For the September 2015 payment for fiscal year 2014 adoptions, the program will be a hybrid of the new calculations and the old, which rewarded increases in the number of overall adoptions, adoptions of children nine and up, and special needs adoptions. During this transition year, payments will be half of what the state would have earned under the old system and half of its earnings under the new rate-based system.
Investing Funds in Post-Permanency Services
One of the provisions of the law that NACAC fought hardest for relates to the 2008 Fostering Connections Act’s expansion of Title IV-E adoption assistance. Fostering Connections eliminated the link between a birth parent’s income and a child’s eligibility for IV-E adoption assistance. Phased in by age,, the increased eligibility means that states are receiving new federal dollars, which were directed to be spent on child welfare. Since 2008, however, states struggled with how to calculate the amount saved and track reinvestment in child welfare services. (See next page for more information.)
The Strengthening Connections Act now requires states to:
- Track and report the amount of saved funds, including how the state calculates the savings
- Report how the state is spending the funds on child welfare services
- Spend at least 30 percent of the funds on post-adoption and post-guardianship services and services to prevent foster placement; at least 20 percent of the total must be spent on post-adoption and post-guardianship services
The law notes that reinvested funds cannot be used to supplant existing state child welfare funding. In addition, it directs HHS to develop and share with states a method for calculating the savings. States are allowed to design their own calculations, but must have their process approved by HHS.

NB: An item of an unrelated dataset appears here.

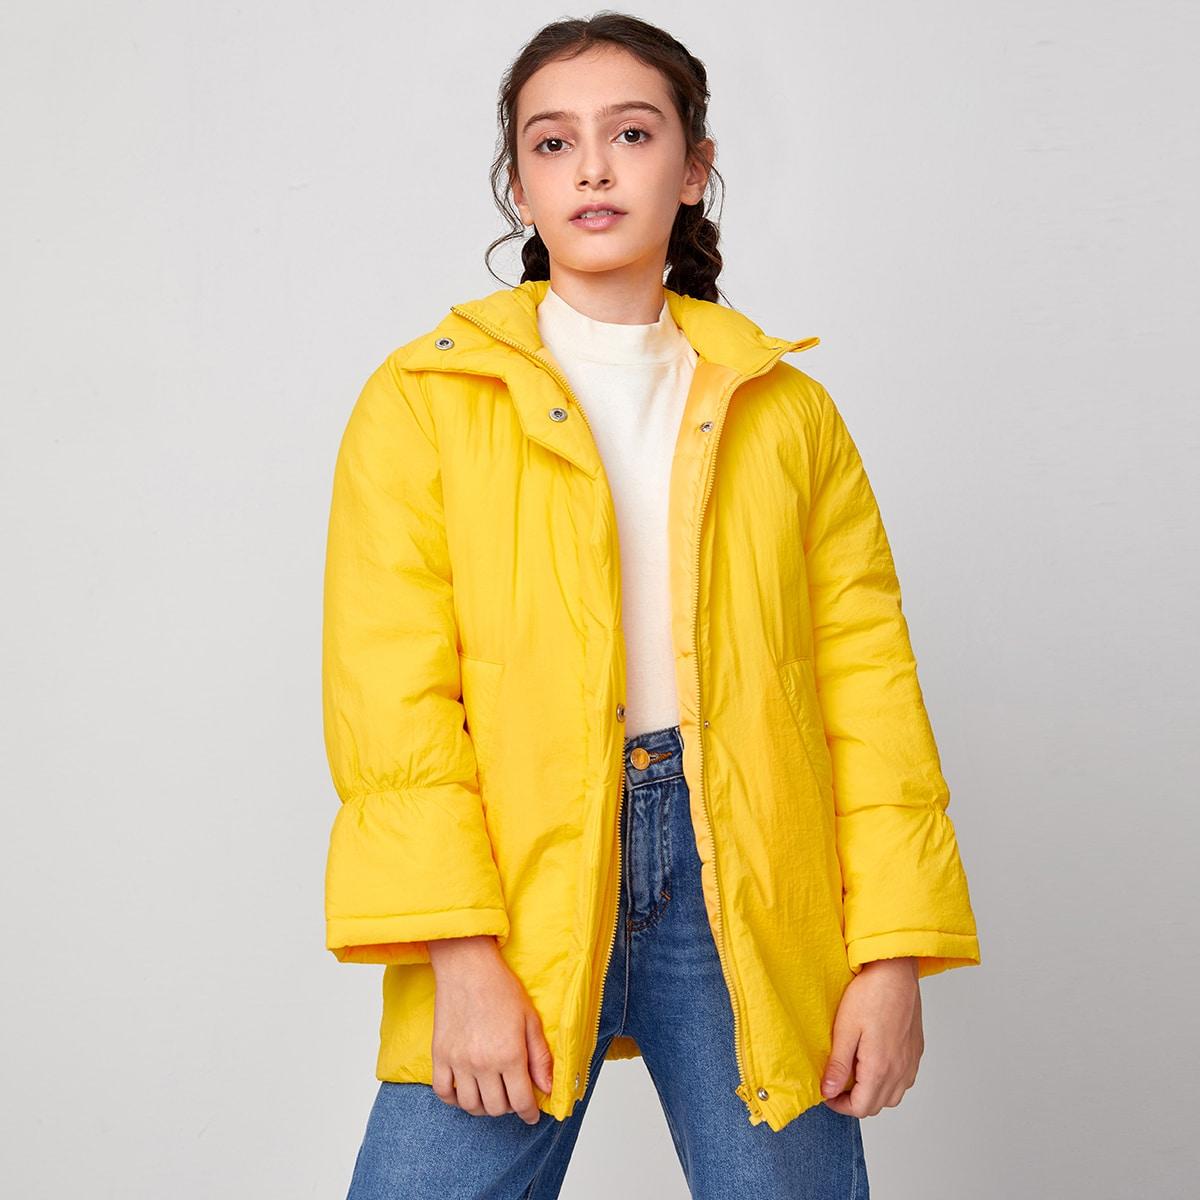 Mantel mit Schößchenärmeln

Making Other Adoption and Guardianship Changes
Other adoption- and guardianship-related provisions, all of which are effective immediately, include:
- Requiring HHS to collect data on adoptions and legal guardianships that disrupt (before finalization) or dissolve (after finalization).
- Ensuring that children remain eligible for Title IV-E guardianship assistance if their legal guardian dies or is unable to care for them and they are placed with a pre-named successor guardian.
- Requiring notification of parents caring for a child through foster care or adoption if a sibling of that child enters foster care. This provision is designed to encourage placement of children with siblings whenever possible.
Extending the Family Connection Grants
The Strengthening Families Act funded, at $15 million, the Family Connections Grant Program for work undertaken in fiscal year 2015. This program funds kinship navigator services and family finding, among other services. This extension will enable the continuation of existing three-year grant programs that would otherwise have ended on September 30, 2014.
NACAC is grateful for the efforts of congressional leaders and staff and child welfare advocates who worked so hard to ensure passage of the Strengthening Families Act, especially the bill’s co-sponsors: Representatives David Camp (R–MI), Sandy Levin (D–MI), Dave Reichert (R–WA), and Lloyd Doggett (D–TX), and Senators Ron Wyden (D–OR) and Orrin Hatch (R–UT).